I restauri saranno effettuati dalla ditta Archeosistemi di Reggio Emilia sotto la direzione scientifica del laboratorio di restauro della Soprintendenza per i Beni Archeologici dell’Emilia-Romagna
Esperti della Soprintendenza effettueranno inoltre le analisi biologiche dei reperti botanici (con particolare riferimento ai pollini) e zoologici rinvenuti durante lo scavo del condotto

Ipotesi di valorizzazione
Data l'importanza dei manufatti e l'interesse suscitato dal loro rinvenimento, sono attualmente in corso di studio interventi di valorizzazione: trattandosi di strutture in terracotta, l’asportazione dal luogo dei ritrovamento è stata relativamente agevole, così come relativamente facili si prospettano le operazioni di rimontaggio per la sua fruizione in uno spazio adeguato.
La Soprintendenza per i Beni Archeologici dell’Emilia-Romagna e i Musei Civici di Reggio Emilia stanno vagliando un’esposizione al pubblico strutturata in due fasi.
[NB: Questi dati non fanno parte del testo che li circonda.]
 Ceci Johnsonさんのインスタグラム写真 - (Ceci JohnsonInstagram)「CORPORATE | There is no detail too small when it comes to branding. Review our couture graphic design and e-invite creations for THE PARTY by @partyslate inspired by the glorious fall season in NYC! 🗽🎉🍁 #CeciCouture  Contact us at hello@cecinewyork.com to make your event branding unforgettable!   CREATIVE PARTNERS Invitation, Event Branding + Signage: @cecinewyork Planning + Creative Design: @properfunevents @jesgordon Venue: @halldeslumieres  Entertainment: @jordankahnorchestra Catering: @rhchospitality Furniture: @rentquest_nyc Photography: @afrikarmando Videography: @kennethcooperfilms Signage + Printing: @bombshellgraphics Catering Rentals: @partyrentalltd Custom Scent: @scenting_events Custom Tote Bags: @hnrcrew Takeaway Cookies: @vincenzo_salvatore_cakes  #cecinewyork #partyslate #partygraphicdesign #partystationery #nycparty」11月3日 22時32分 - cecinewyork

La prima è legata all'allestimento di una mostra sul tema dell'acqua collegata all’esposizione itinerante “AQUAE”, che potrebbe toccare Reggio Emilia contestualmente all’inaugurazione del manufatto. La mostra, che potrebbe essere allestita presso il Chiostro di S. Domenico a Reggio Emilia, affronterà in senso diacronico tutti gli aspetti della gestione dell'acqua nel territorio reggiano, dai pozzi neolitici ai canali delle terramare dell'età del Bronzo, dai pozzetti dell'età del Ferro alla regimazione delle acque in età romana, dai canali rinascimentali alle grandi bonifiche di epoca recente. La mostra “AQUAE” servirà a introdurre le tematiche di quella di Reggio Emilia, il cui culmine è rappresentato dalla riproposizione del nuovo acquedotto romano rinvenuto presso l'ospedale.
La seconda fase (più lontana nel tempo) prevede il trasferimento dell'acquedotto presso i Musei Civici di Reggio Emilia dove è in atto un importante progetto di ristrutturazione degli spazi espositivi curato dall'architetto Italo Rota.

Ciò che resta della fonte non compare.